In the wake of the financial crisis, that disruption came. Fund managers had eaten up huge losses and the star fund managers of old had lost a good deal of their shine, as they became caught up along with everybody else in the herd behaviour that led to the crash of 2008.
In the place of these “active” funds there began to emerge a new breed, so-called “passive” funds, where instead of hyper-complex investment strategies, fund managers simply bought a piece of the FTSE 100, or some other big index. It was a strategy that—somewhat embarrassingly—turned a better profit than the more exotic strategies.
Passive funds can easily be automated—that is, managed by computers. Customers can now access them online, open an account, select the degree of risk they want and put in their money. It’s a type of fund management that omits the gung-ho stars who acted on instinct. In their place came the quiet hum of the algorithms—and it turned out that computers were pretty good at managing people’s money.
“The fund management world of old was expensive, exclusive and pretty risky. It was an industry ripe for disruption”
So good, in fact, that money has flowed from the old to the new. In 2016, $240bn went into these new automated investment funds, while an almost equal amount left the old “active” fund management industry.
The new funds, often referred to as “Robo-investors” offer a lot that the old ones can’t. First, anyone can use them—they aren’t reserved for “High Net Worth Individuals.” Most platforms will let you join with an opening investment of around £500; some have no minimum at all. Also, because the teams of fund managers have been replaced with computing power, the fees are lower. The automation of these systems means you’ve got more of a say over what your money goes into—and when you can take it out again.
And the sector is popular. The amount of assets under management by robo-advisors is expected to be $1.5 trillion in 2018. That number is expected to rise to $4 trillion by 2019.
There’s a sense of inevitability about a change of this sort. The increased power of computer processors has led to a wave of automation, from call centre operators to supermarket check-out staff. Computer-led systems are replacing large sections of the workforce—it’s no real surprise that the same is happening in fund management.
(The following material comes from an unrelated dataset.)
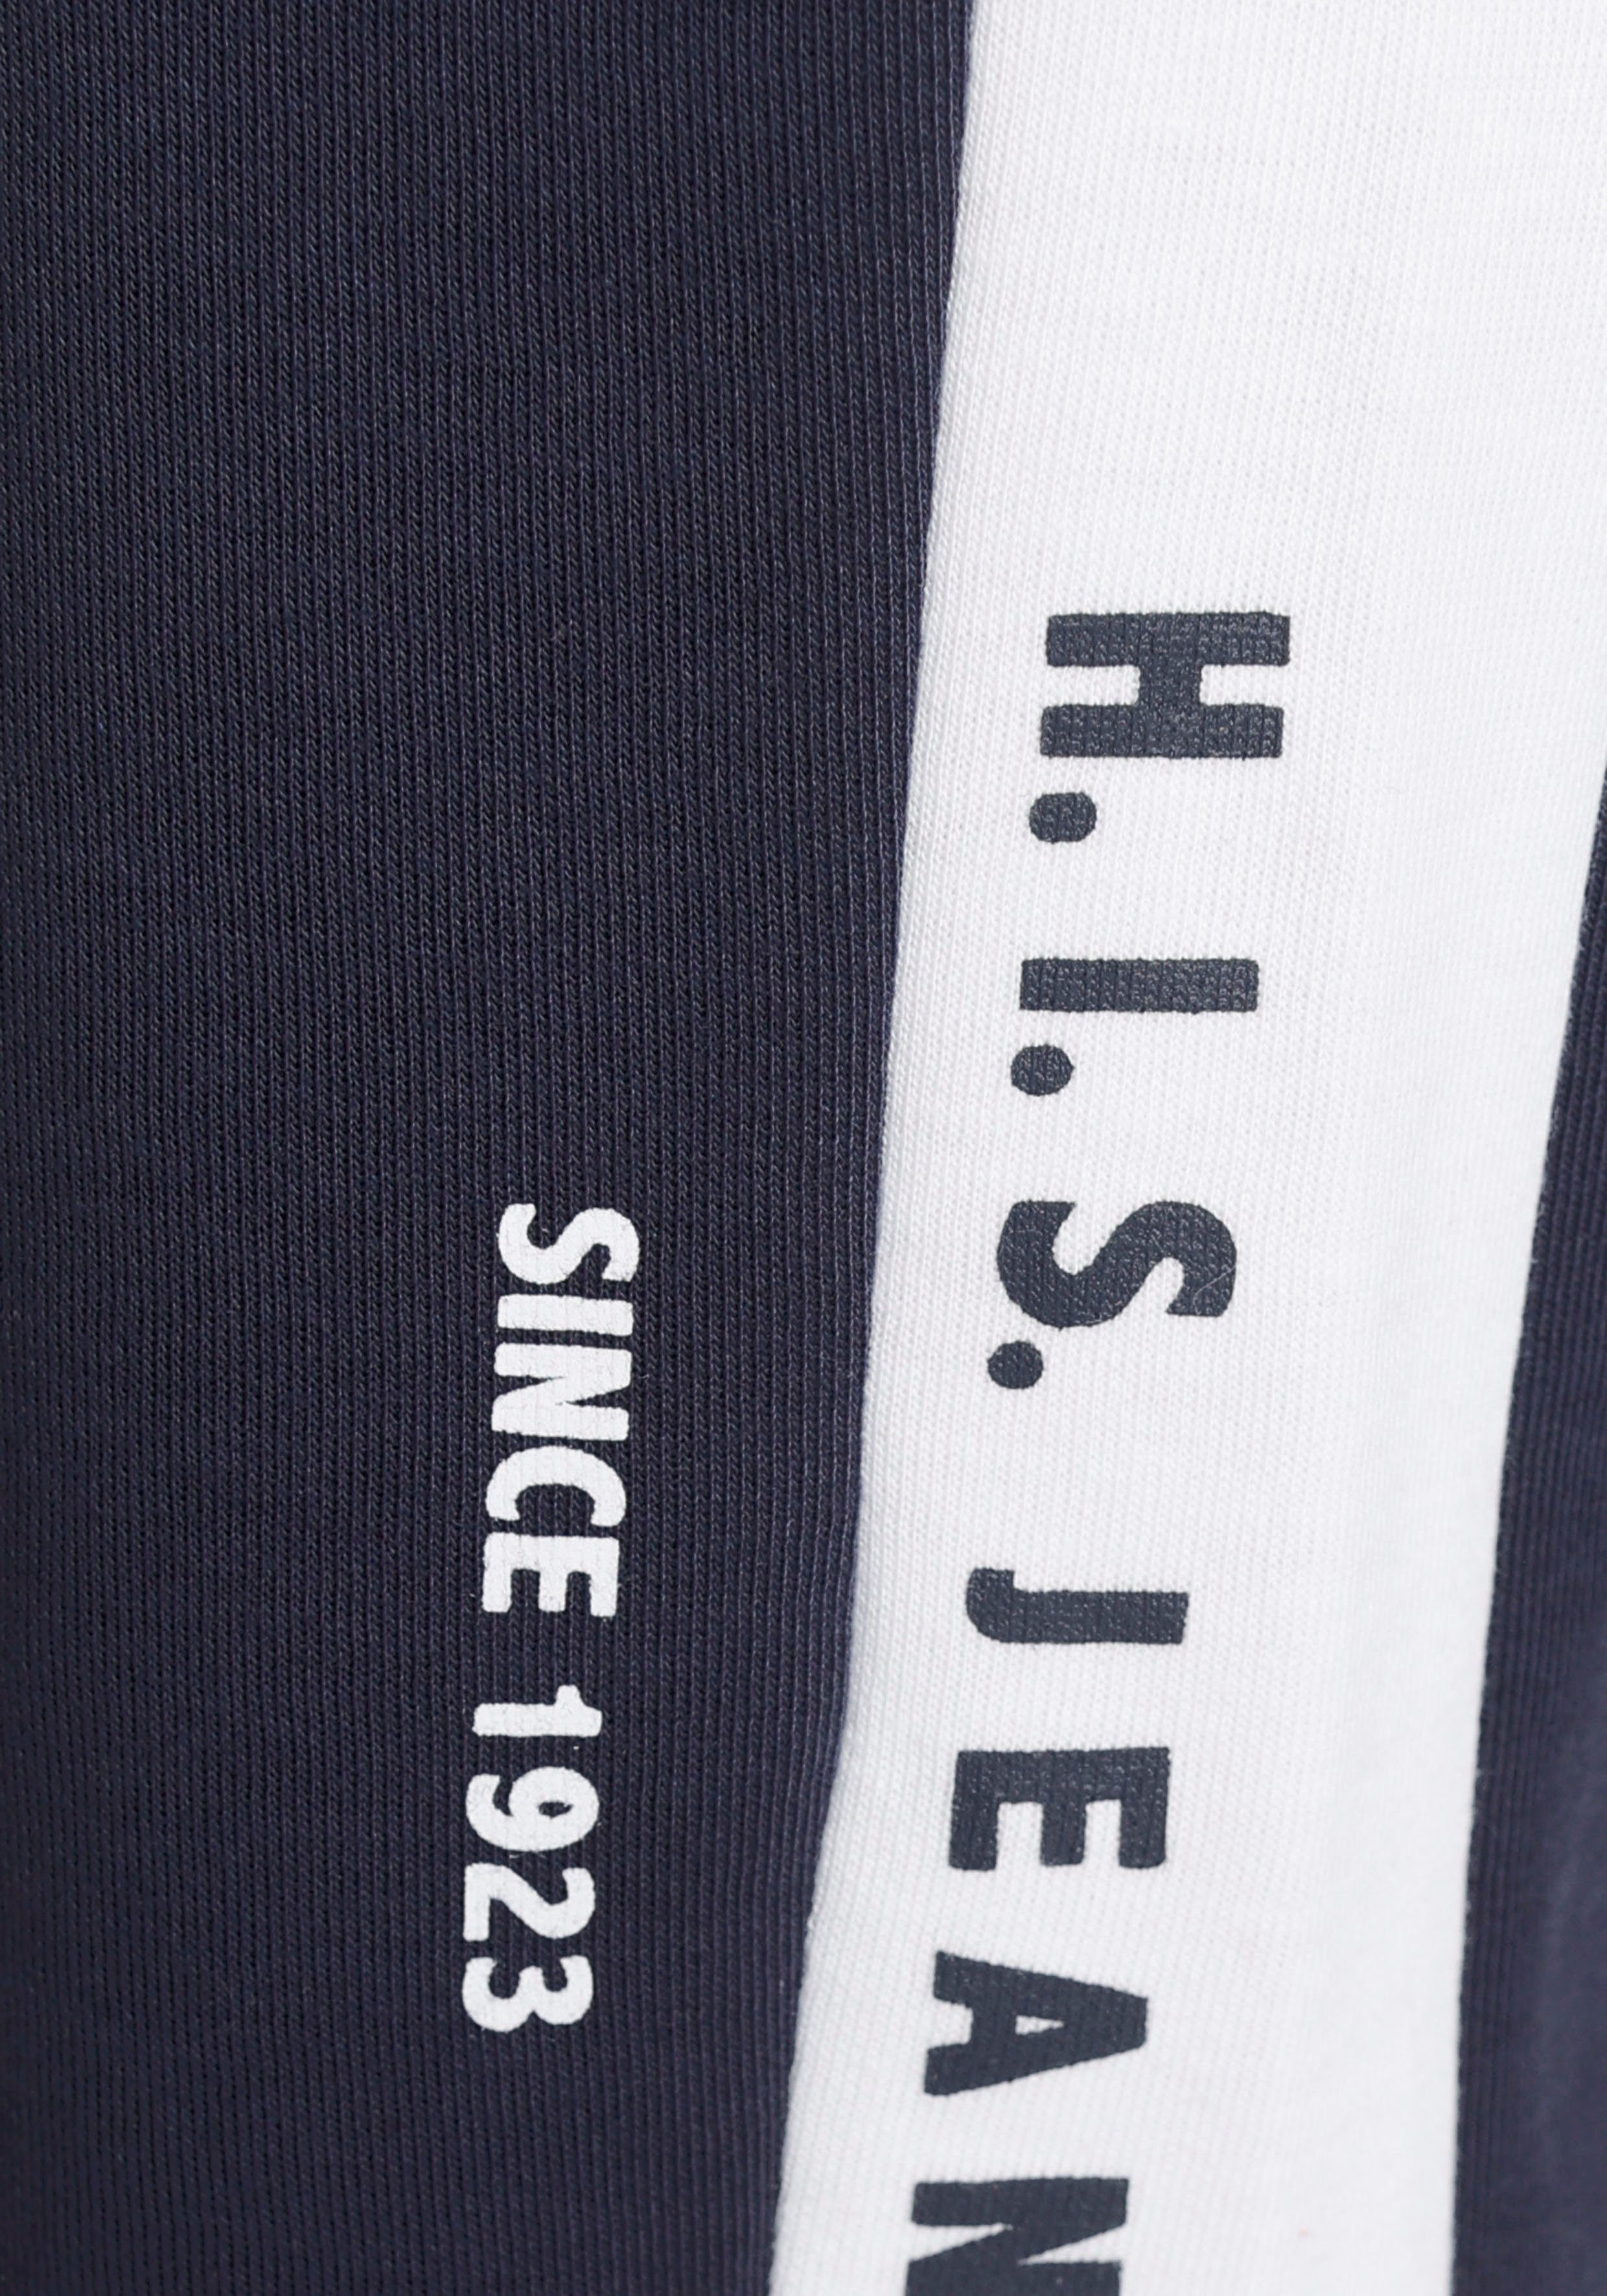 H.I.S Seitenstreifen marine mit weißem Loungeanzug und Relaxhose Logodruck,

Counterintuitively, perhaps, the rise of the automated systems has been a good thing for the old style “active” fund management industry. The new competition from online offerings has chased many of the more mediocre fund managers out of the industry. And it was always an industry in need of whittling down. A survey by the S&P ratings agency found that, in the years from 2006-16, 86 per cent of European funds had underperformed the market—in other words, simply putting money into the FTSE 100 would have made you a better return.
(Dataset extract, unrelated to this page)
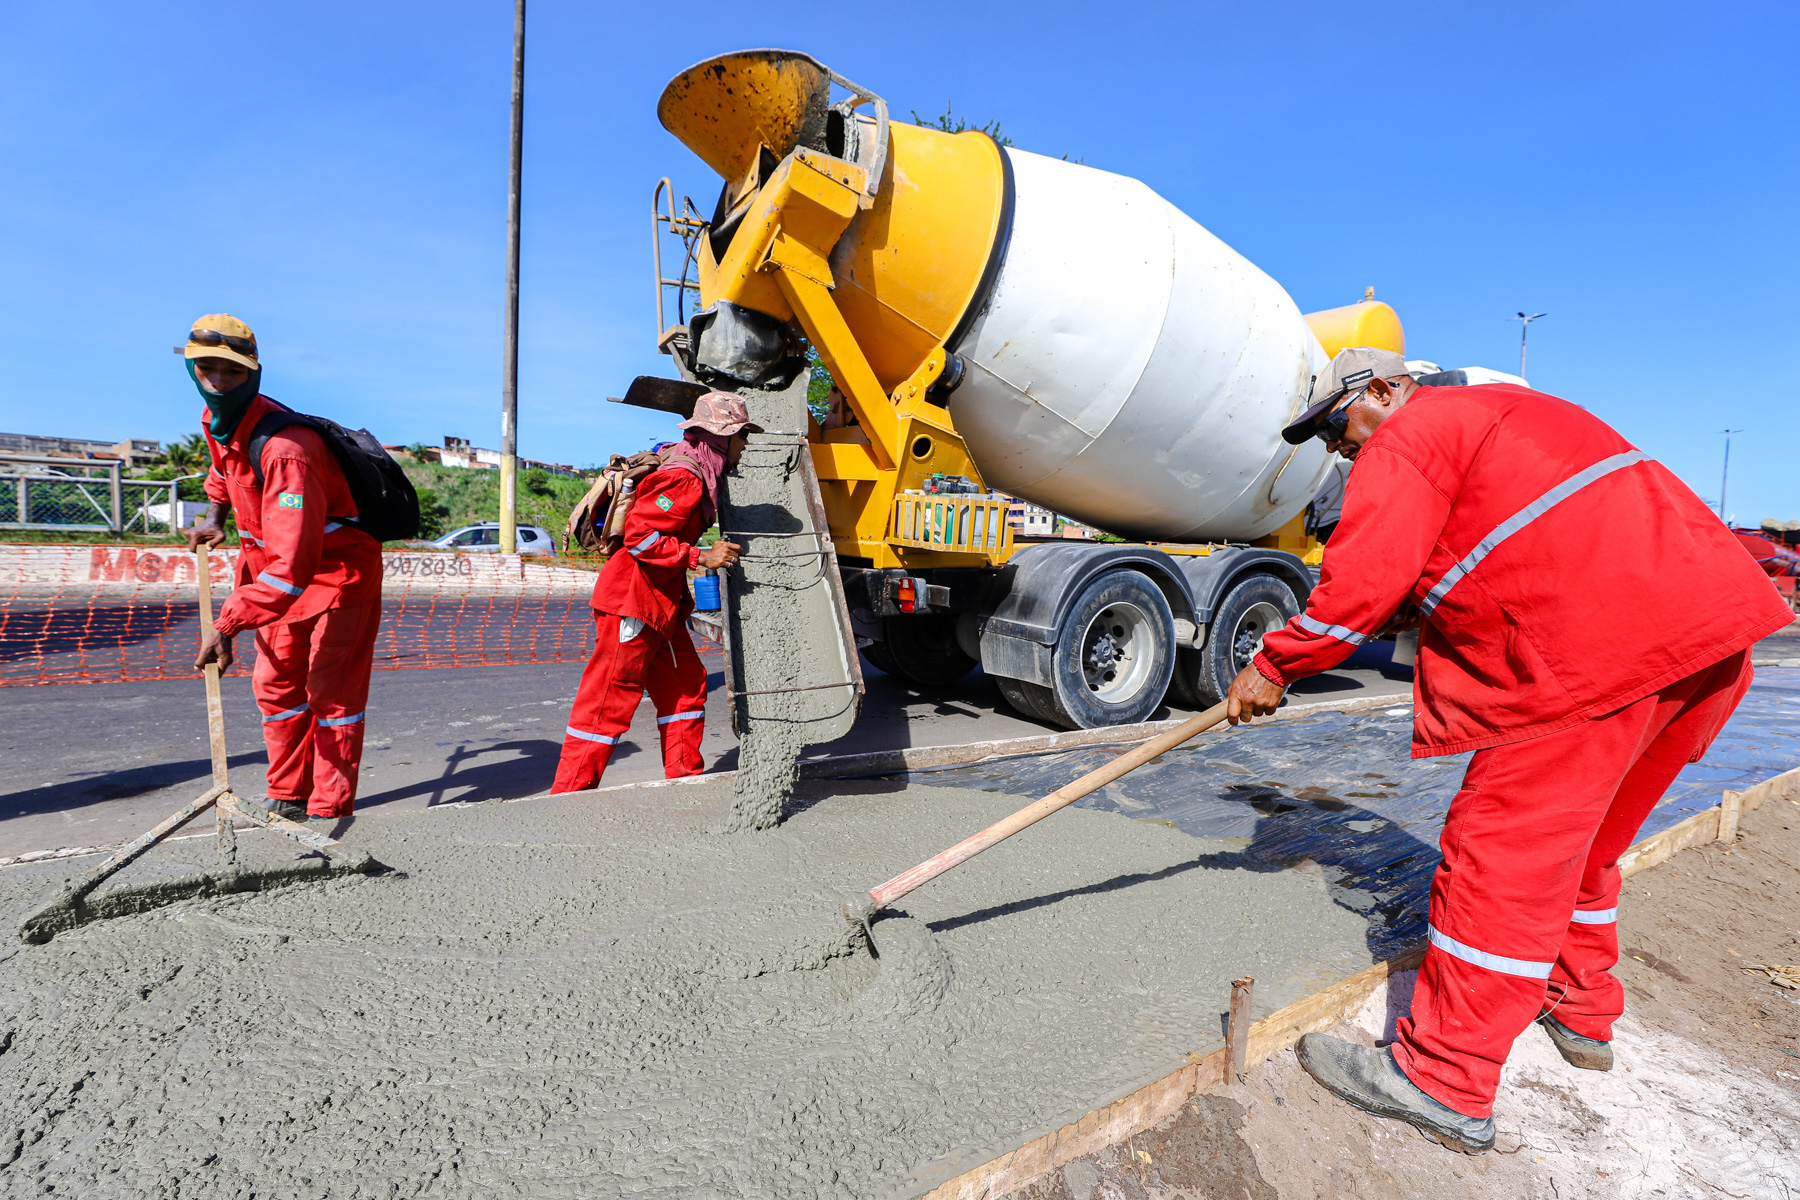 Aracaju Cidade do Futuro: Prefeitura investe R$500 milhões em pacote de obras estruturantes

The robo-investment platforms represent a more mechanistic view of markets. Instead of hunches, the algorithms behind new investment platforms sift data and provide options for investors. The result is a fund management world that is more open to a wider range of investors—and perhaps a little more boring than in the past. And perhaps that is the real legacy of the shock of 2008: that after the financial crisis, the slow and steady investment platforms look more like the future than anything else.